RECORDS FOR PROCESSING:
......

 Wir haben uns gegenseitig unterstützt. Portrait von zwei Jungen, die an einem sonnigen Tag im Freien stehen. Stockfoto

......

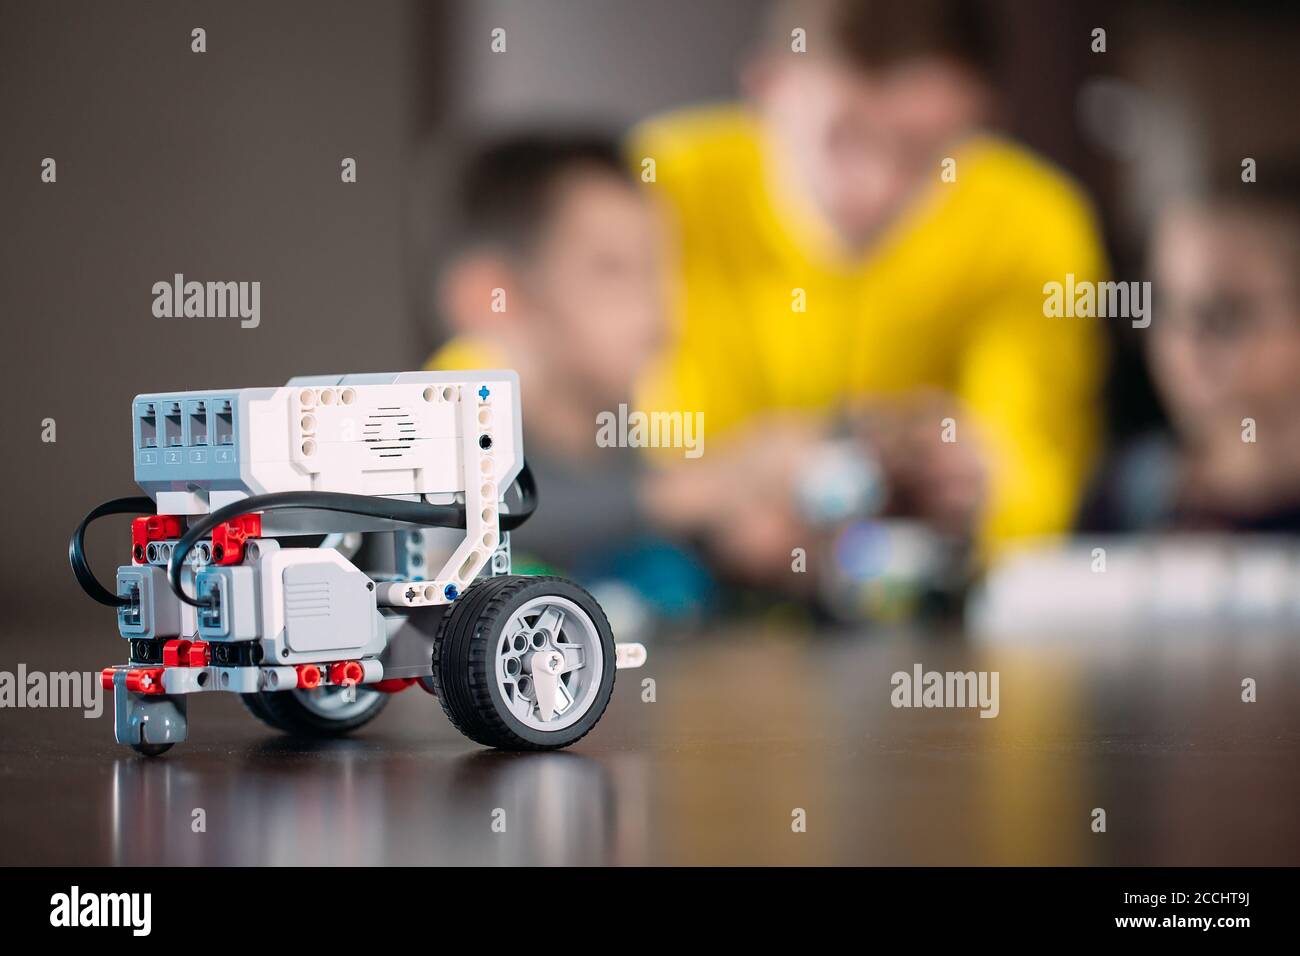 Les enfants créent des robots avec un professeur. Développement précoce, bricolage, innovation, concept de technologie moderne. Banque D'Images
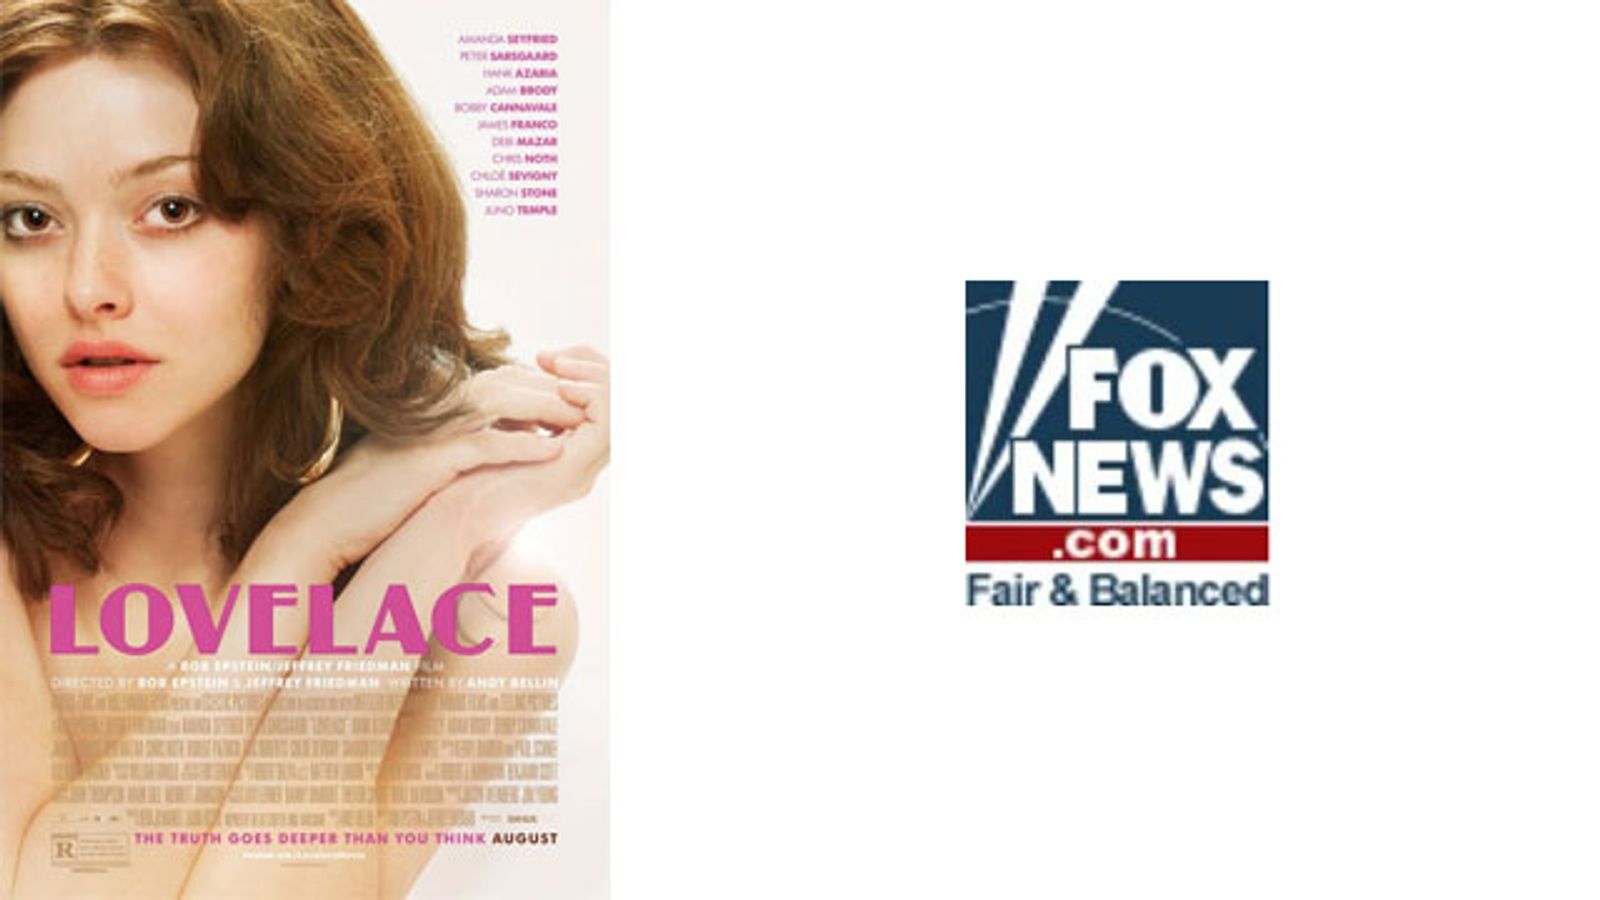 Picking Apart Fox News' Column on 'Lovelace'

......

TASK:
Above are the records. Copy word for word only their lines from the one holding "Les enfants créent" through the one holding "Picking Apart Fox News' Column on 'Lovelace'", both included, and skip the images.

EXPECTED OUTPUT:
 Les enfants créent des robots avec un professeur. Développement précoce, bricolage, innovation, concept de technologie moderne. Banque D'Images
 Picking Apart Fox News' Column on 'Lovelace'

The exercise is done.